А озаряет голову безумца, / Гуляки праздного?… О Моцарт, Моцарт! — Ранние биографы Моцарта строили его образ, опираясь на романтическую концепцию гения как человека не от мира сего, который с точки зрения обыденного сознания кажется безумцем или ребенком, и подчеркивали контраст между его возвышенной творческой натурой и эксцентрическим бытовым поведением (см. об этом: Stafford 1991: 156–163). Стендаль, отредактировав и слегка дополнив Шлихтегроля / Винклера (см. выше), дал следующий портрет «странного» Моцарта:
On remarquait chez lui une manie qui ordinairement est un signe de stupidité: son corps était dans un mouvement perpétuel; il jouait sans cesse avec les mains, ou du pied frappait la terre. <…> Ce même homme qui, comme artiste, avait atteint le plus haut degré de développement dès l’ âge le plus tendre, est toujours demeuré enfant sous tous les autres rapports de la vie. Jamais il n’a su se gouverner lui-même. L’ ordre dans les affaires domestiques, l’ usage convenable de l’ argent, la tempérance et le choix raisonnable des jouissances, ne furent jamais de vertus à son usage. Le plaisir du monent l’ emportait toujours.

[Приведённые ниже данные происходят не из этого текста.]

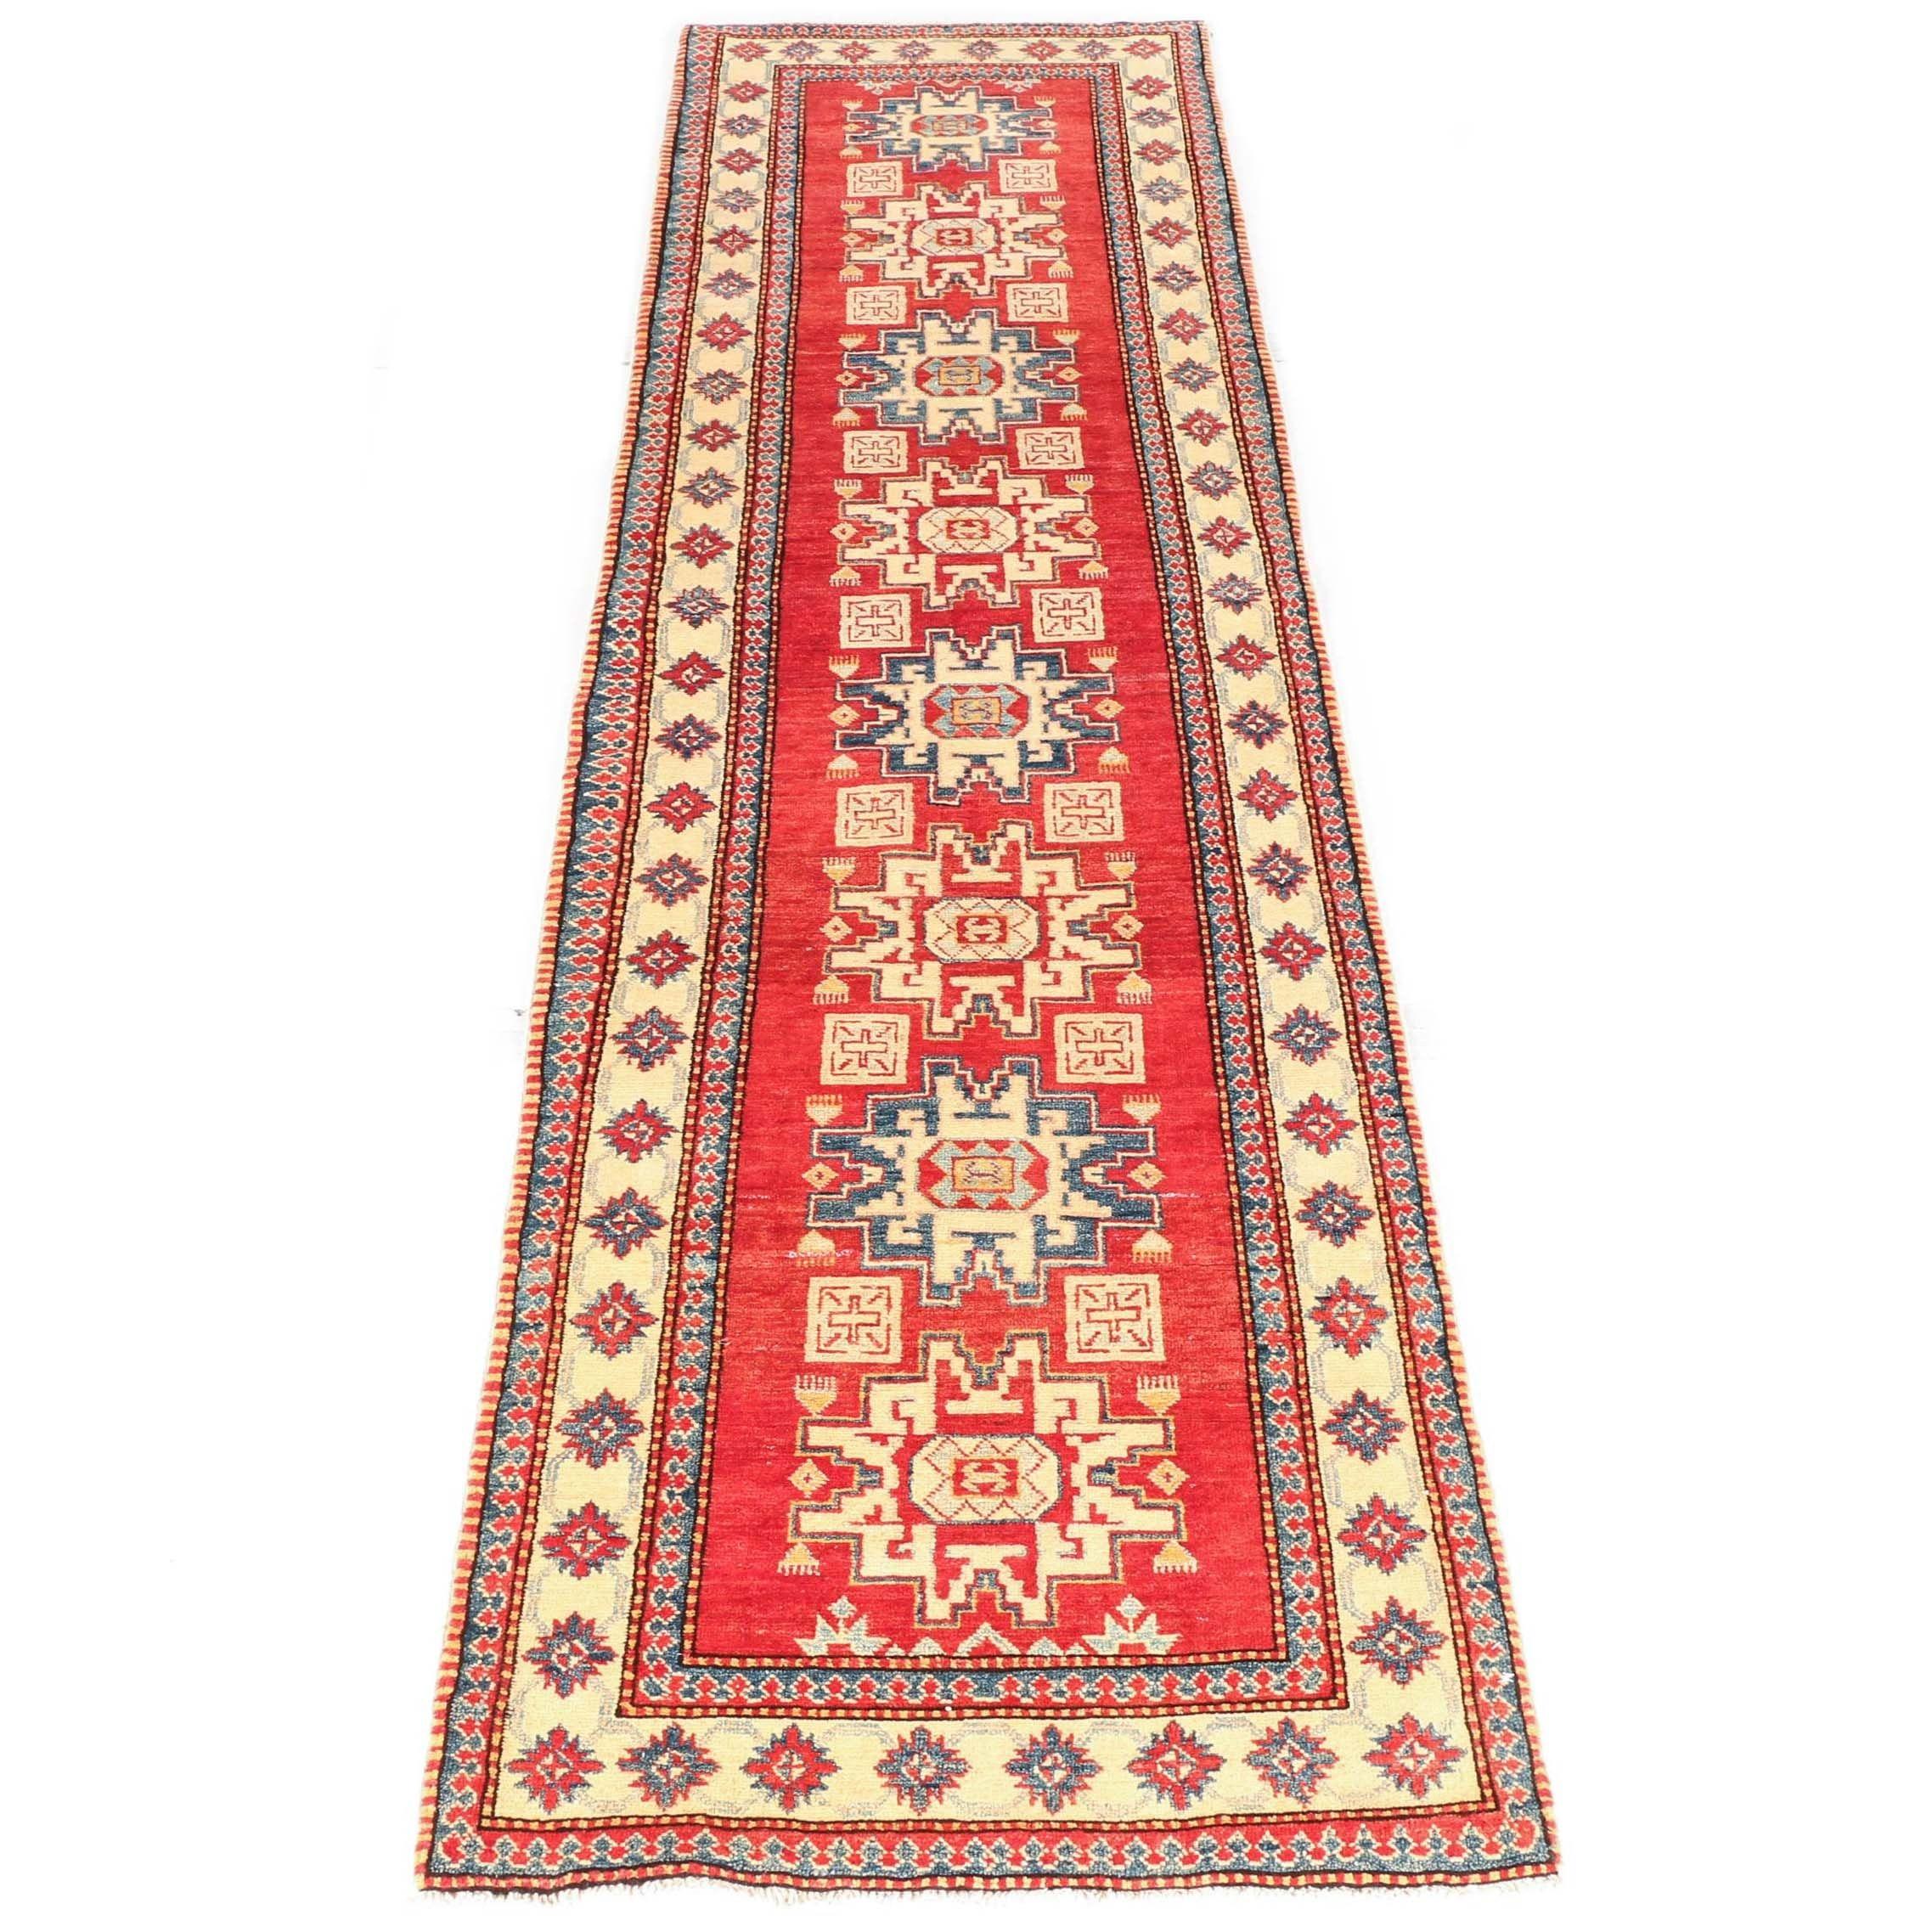 Hand-Knotted Caucasian Lesghi Carpet Runner

Son esprit, constamment absorbé dans une foule d″idées qui le rendaient incapable de toute réflexion sur ce que nous appelons les choses sérieuses, fit que pendant totute sa vie il eut besoin d’ un tuteur qui prît soin de ses affaires temporelles. <…> Mais ce même homme, toujours distrait, toujours jouant et s’amusant, paraissait devenir un être d’ un rang supérieur dès qu’il plaçait devant un piano. Son âme s’élevait alors, et toute son attention pouvait se diriger vers le seul objet pour lequel il fût né, l’ harmonie des sons.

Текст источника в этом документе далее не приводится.